A Thermal Design of a 1 kW-Class Shell and Tube Methanol Steam Reforming System with Internal Evaporator

Abstract

Due to its low operating temperature, the performance of a methanol steam reformer depends on efficient thermal integration. In particular, the integration of the evaporator is crucial to enhance thermal efficiency. This paper presents two different configurations to utilize thermal energy for evaporation of methanol/water mixture. The reformer system is composed of a methanol steam reformer, a burner, and two different evaporators such as internal evaporator and external evaporator. Moreover, since the performance of the reforming system strongly depends on thermal utilization, a heat recovery module is designed for methanol reforming system with internal evaporator. The heat duty and steam to carbon ratio (S/C) are the variables for evaluation of its suitability. The experimental results indicate that the internal evaporator with the auxiliary heat recovery module provides stable conditions over wide operating ranges.

1. Introduction

As the use of conventional fossil fuels has triggered many environmental issues, alternative energy sources have been introduced to meet increasingly stringent related regulations. The hydrogen is an alternative energy source which has high efficiency and low emissions. Since the hydrogen is not a natural resource, it should be produced by various processes [1,2,3,4].

The methanol is a resource to produce hydrogen via a chemical reforming process. Since the methanol has high hydrogen yields with competitive energy density at a relatively low operating temperature, characteristics of methanol reforming process have been widely reported. Kinetics studies shows that the entire process entails an original methanol decomposition followed by a water gas shift reaction and, finally, the steam reforming reaction [5,6,7]. Most studies on methanol steam reforming reported kinetics of various catalysts such as Cu/ZnO and CuO/ZnO/Al₂O₃ [8,9,10]. They reported that catalyst sintering could be released with increasing surface area with reliable mechanical strength. Zinc oxide is known to improve the dispersion of Cu and the reducibility of CuO. The improvement of the reducibility has been proposed as a possible cause of the intense activity of CuO/ZnO catalysts [11]. The reaction kinetics and catalysis ultimately tie together for methanol reforming reaction because it can increase methanol conversion rate, lower CO concentration, and high H2 generation. Amphlett et al. present the method for achieving kinetic data for that purpose [7,10].

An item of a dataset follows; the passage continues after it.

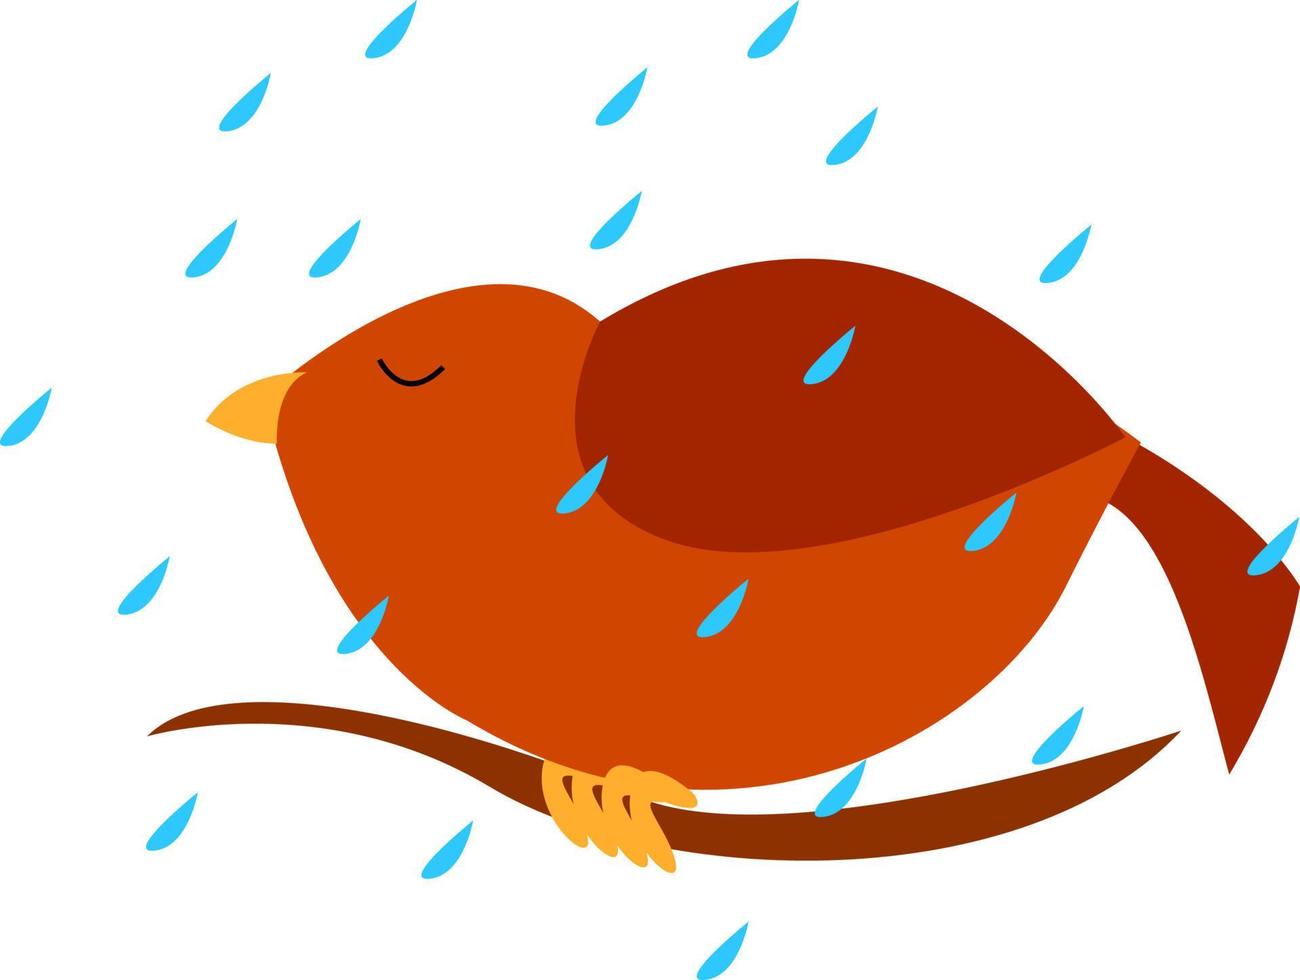 oiseau sur la pluie, illustration, vecteur sur fond blanc.

The characteristics of operating temperatures are also investigated such that the methanol conversion rate under 150 °C is below 10 percent. The conversion rate increases from 20 to 99 percent as the temperature is increased from 200 to 500 °C [9,11,12]. Additionally, hydrogen concentration ranges from 60% to 72%, CO concentration is under 1%, CO₂ concentration is from 20% to 25% as the temperature is ranged from 220 °C to 340 °C [8]. Since those studies are concentrated on the catalyst performance, it is rarely concerned about the effect of temperature distribution in longitudinal direction, or radial direction. In the practical application of methanol reformer system, it is required to understand the temperature distribution effects which are a regime of thermal management. Furthermore, since long residence time can be depended on design of energy flow passage, it is also required to understand structural effect on the steam reforming reaction.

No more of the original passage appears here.